Required work – Return only the lines of the data below from the line with "New Mickey Mouse" up to and including the line with "Trees in a park", exactly as written, with the pictures omitted.

Extracted entries –
------------------------------------

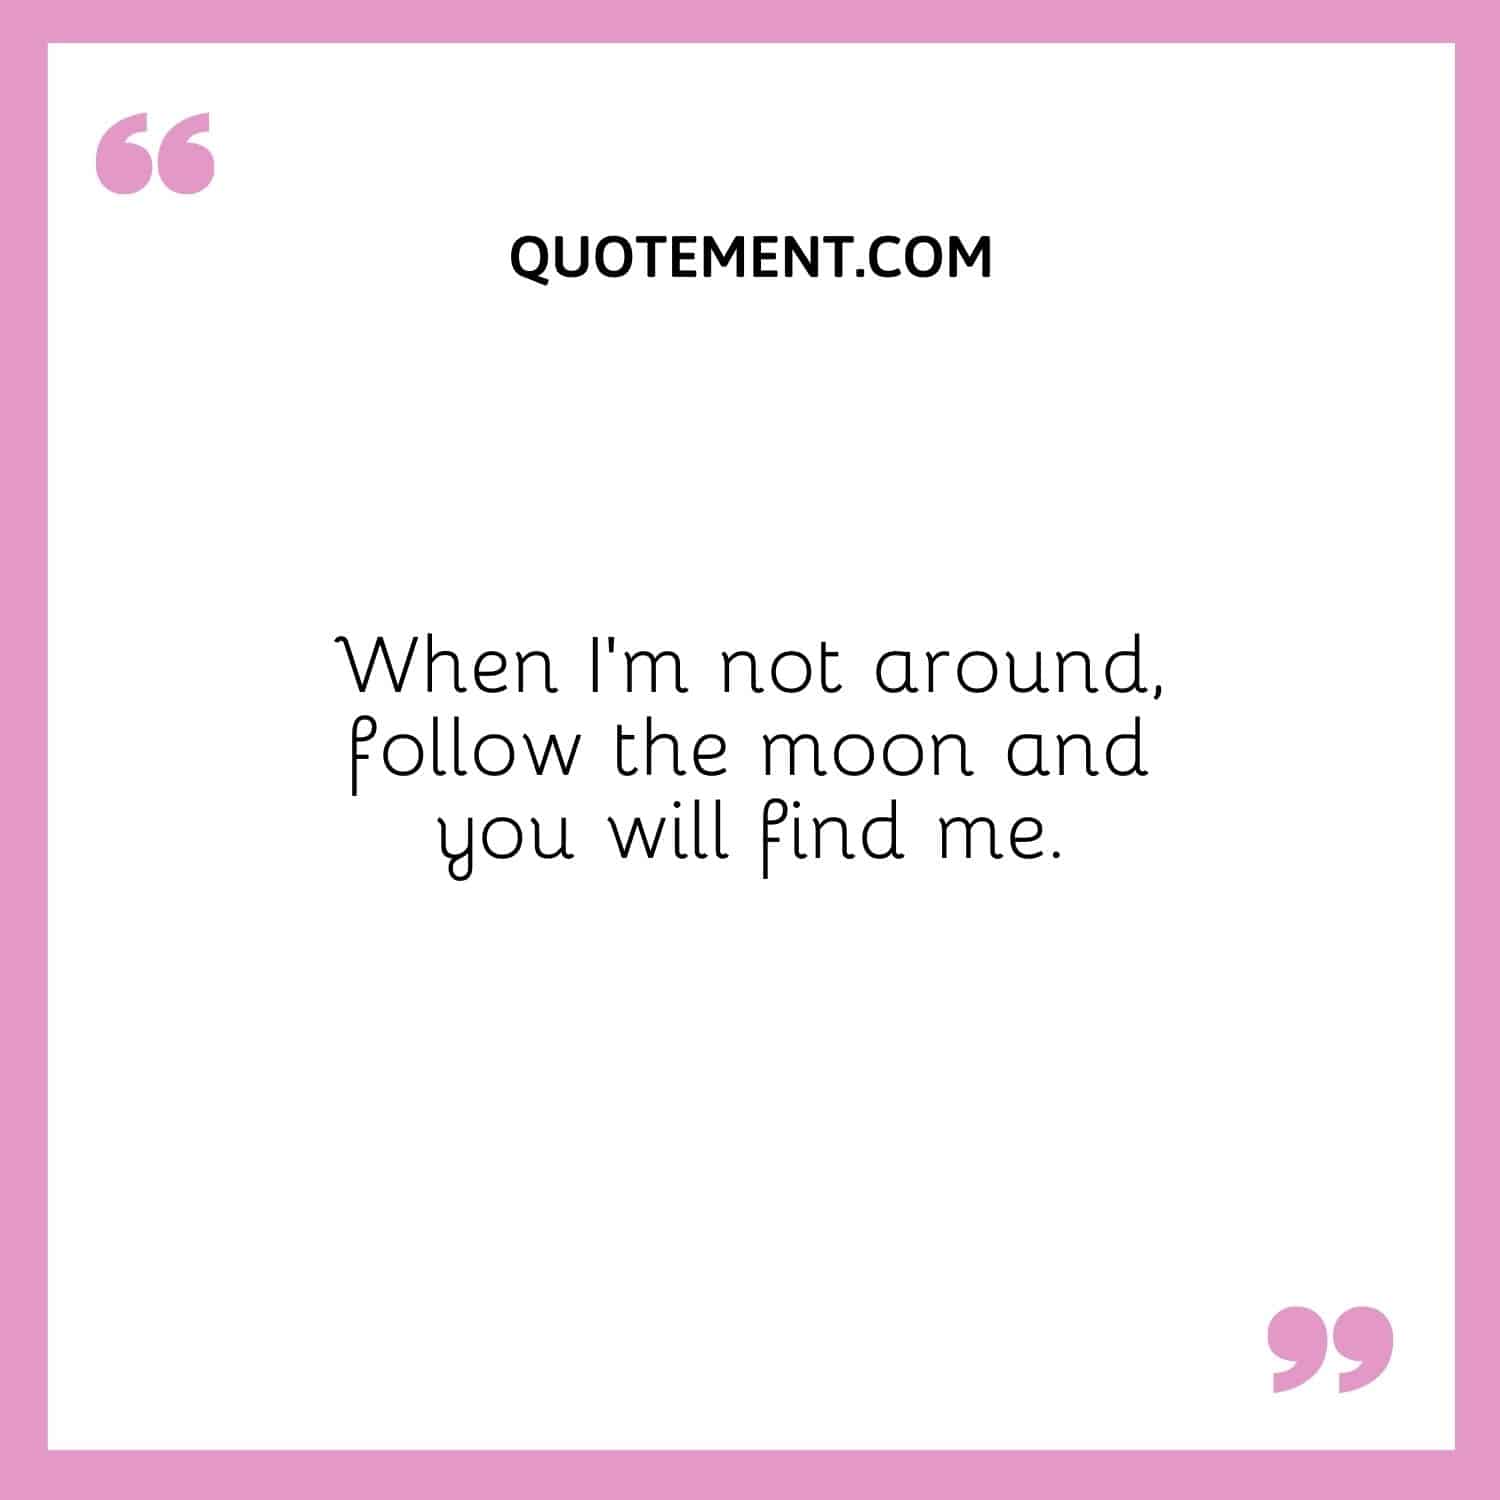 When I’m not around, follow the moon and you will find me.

------------------------------------

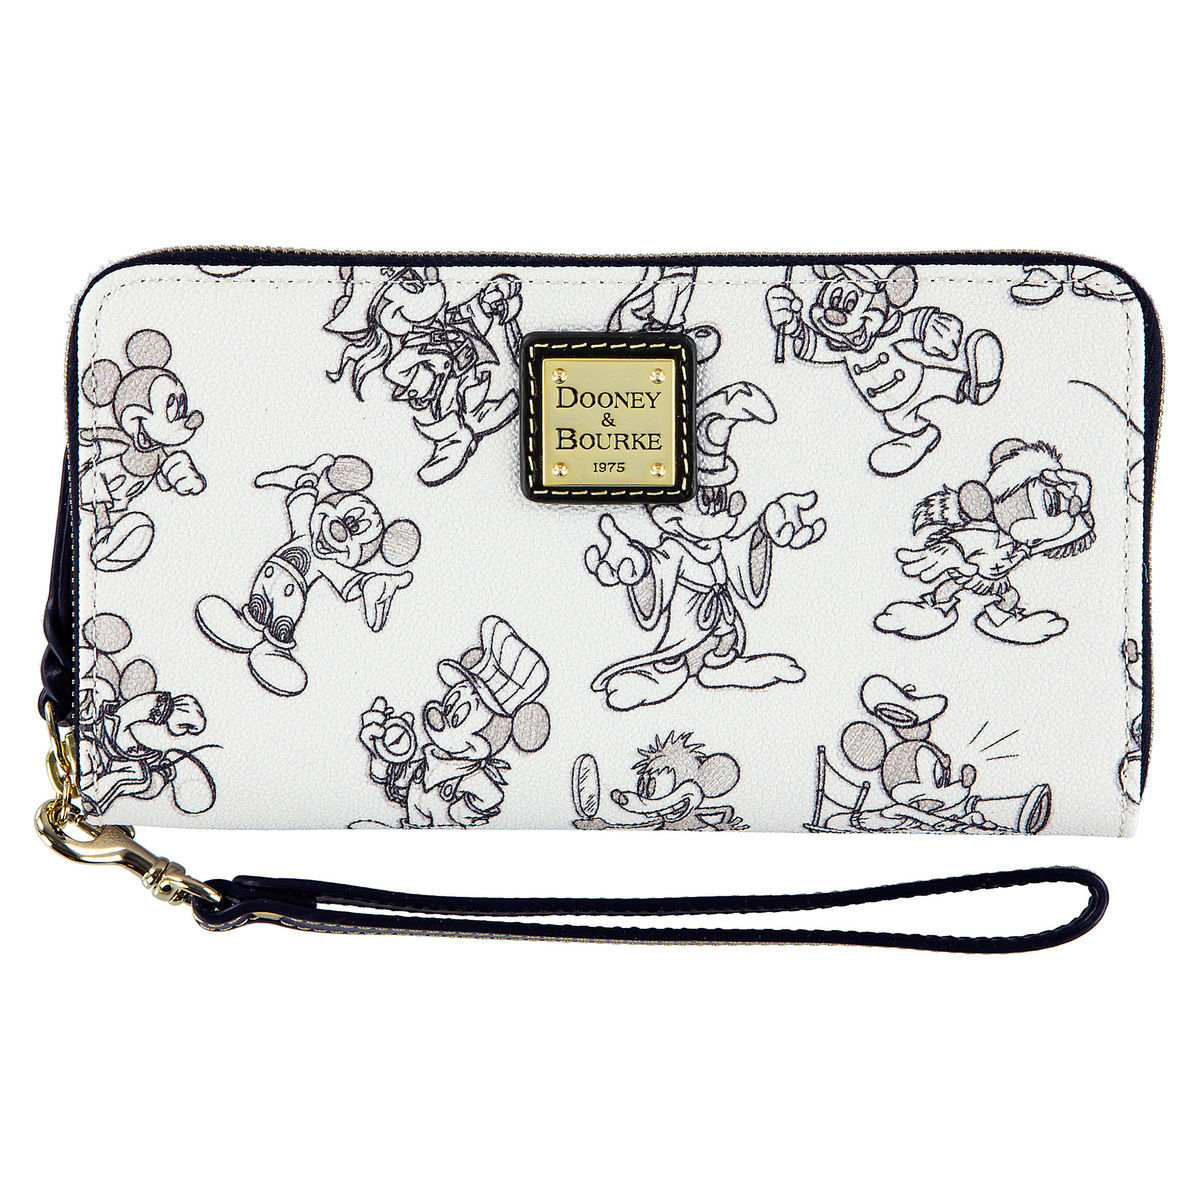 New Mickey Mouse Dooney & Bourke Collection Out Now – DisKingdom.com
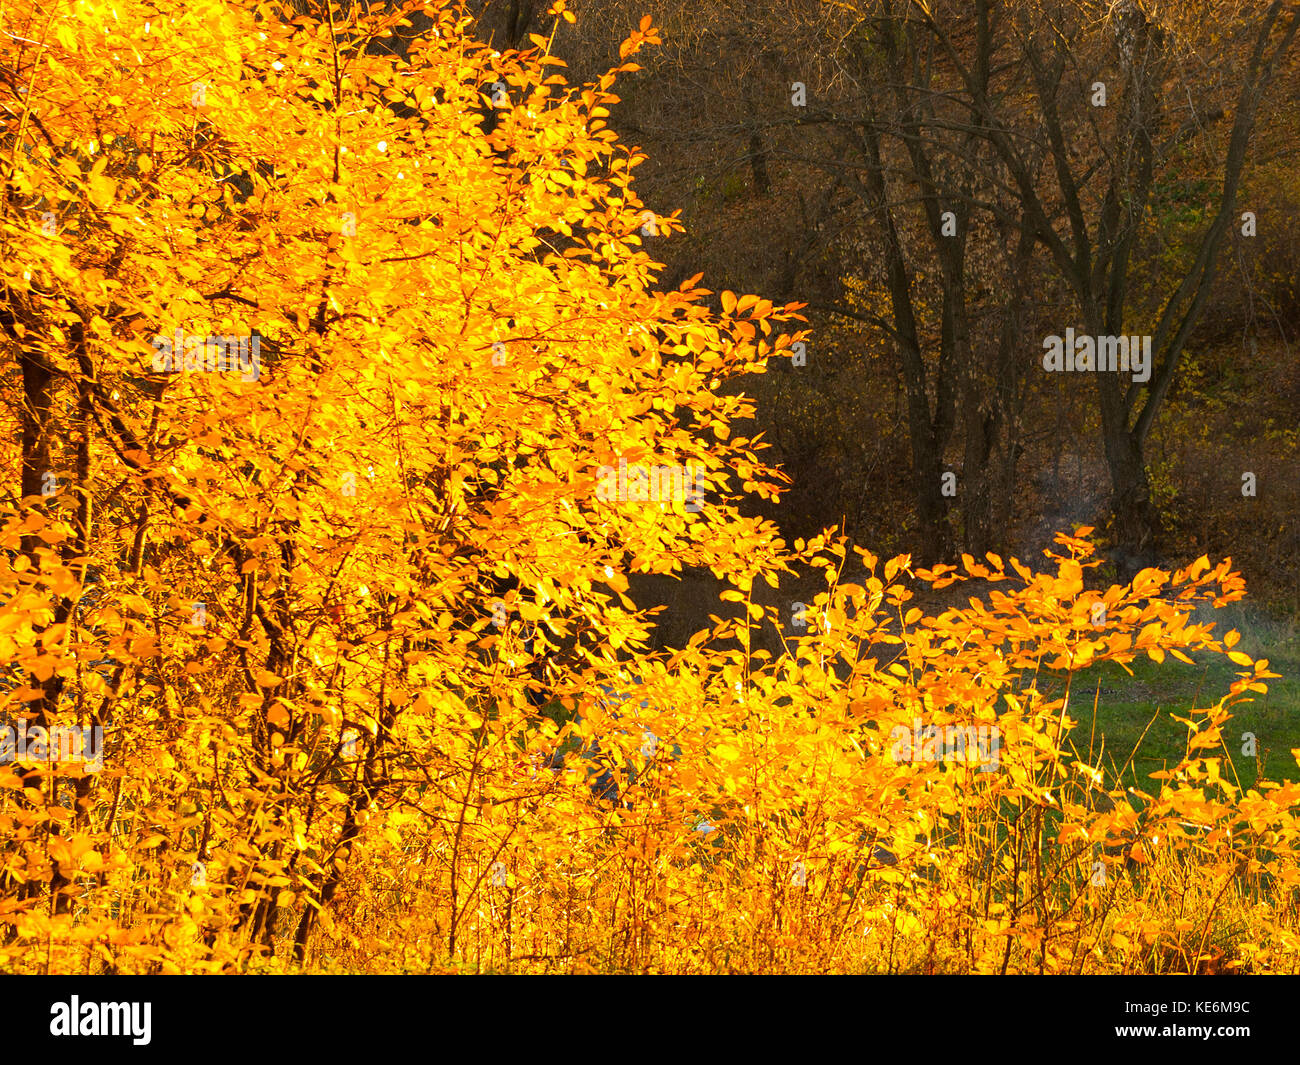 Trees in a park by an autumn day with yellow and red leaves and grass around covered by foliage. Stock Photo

------------------------------------

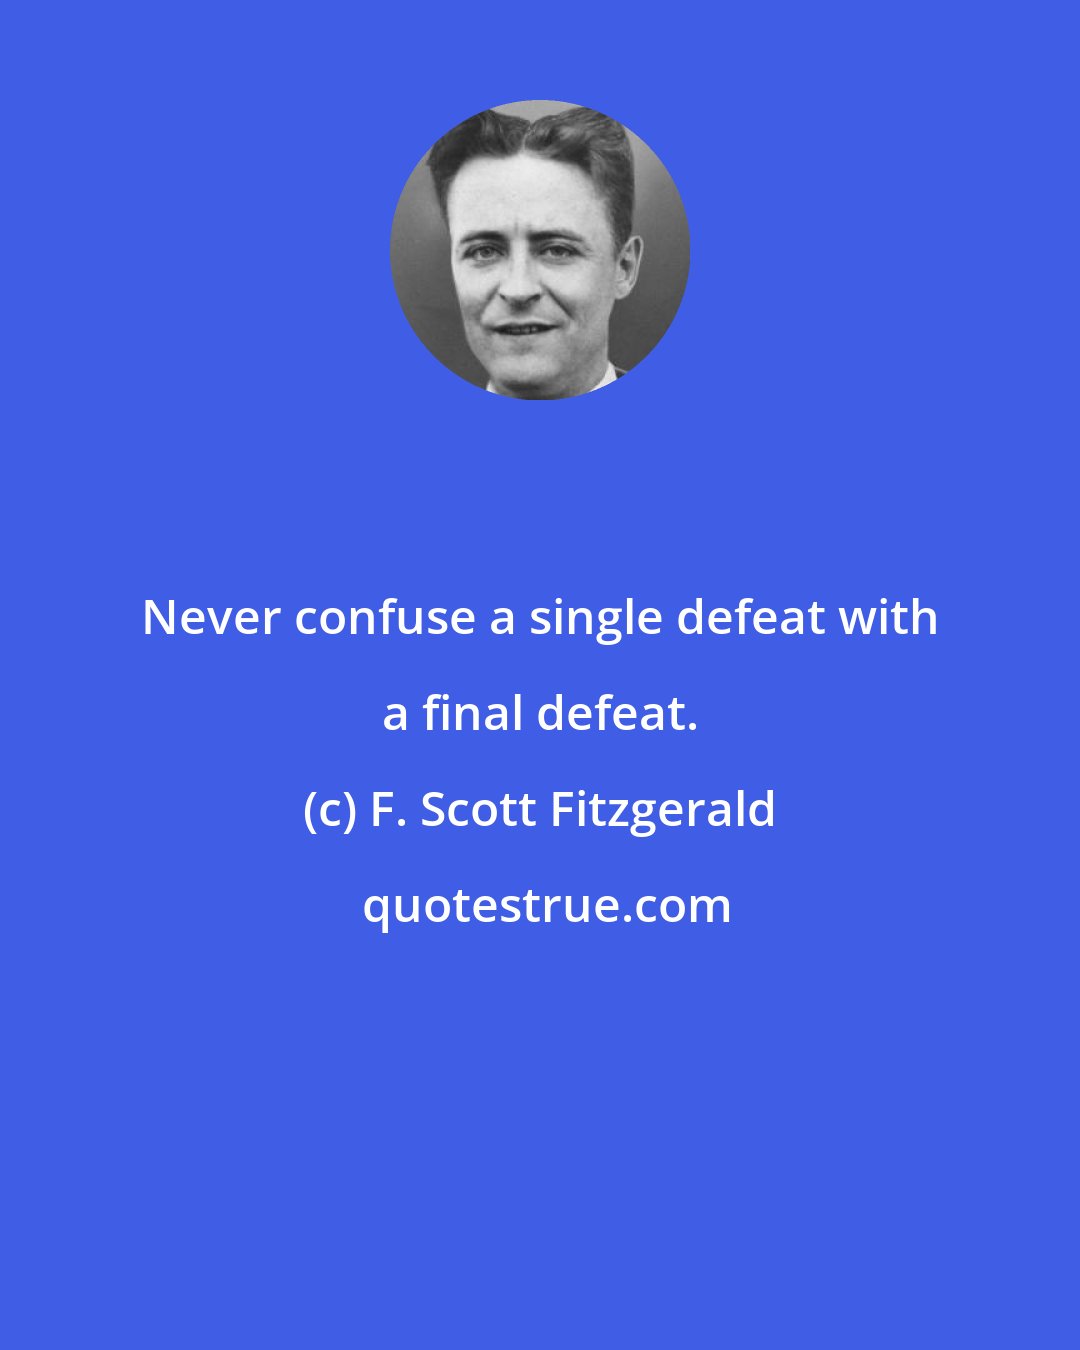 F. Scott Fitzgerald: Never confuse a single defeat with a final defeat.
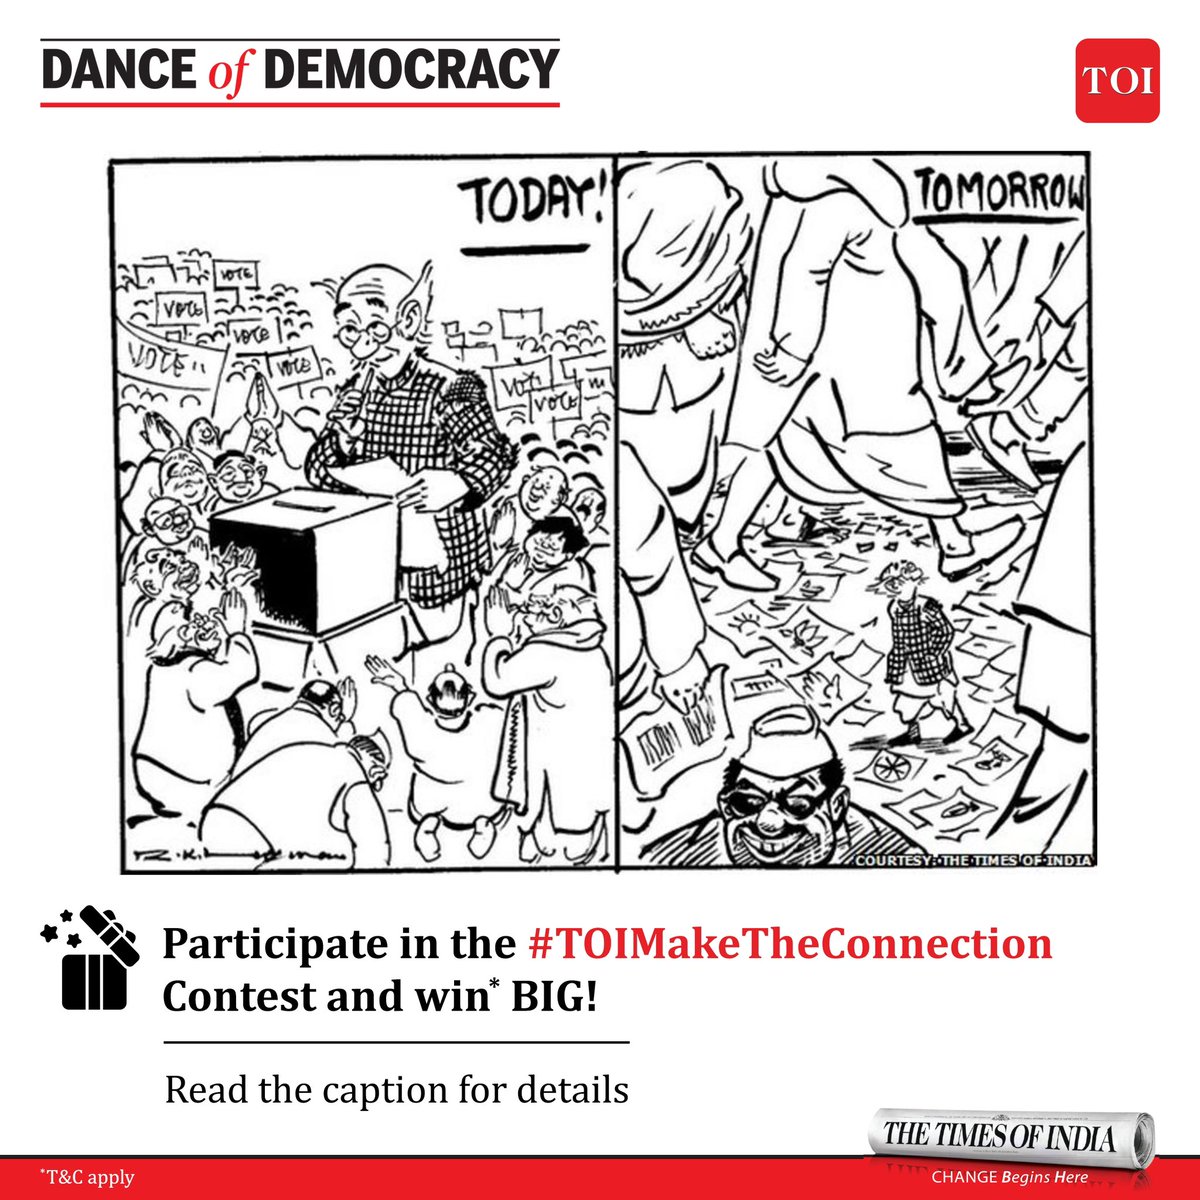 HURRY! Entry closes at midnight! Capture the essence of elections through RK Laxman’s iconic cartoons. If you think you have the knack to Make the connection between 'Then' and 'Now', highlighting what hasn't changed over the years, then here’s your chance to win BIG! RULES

------------------------------------

Written response –
 New Mickey Mouse Dooney & Bourke Collection Out Now – DisKingdom.com
 Trees in a park by an autumn day with yellow and red leaves and grass around covered by foliage. Stock Photo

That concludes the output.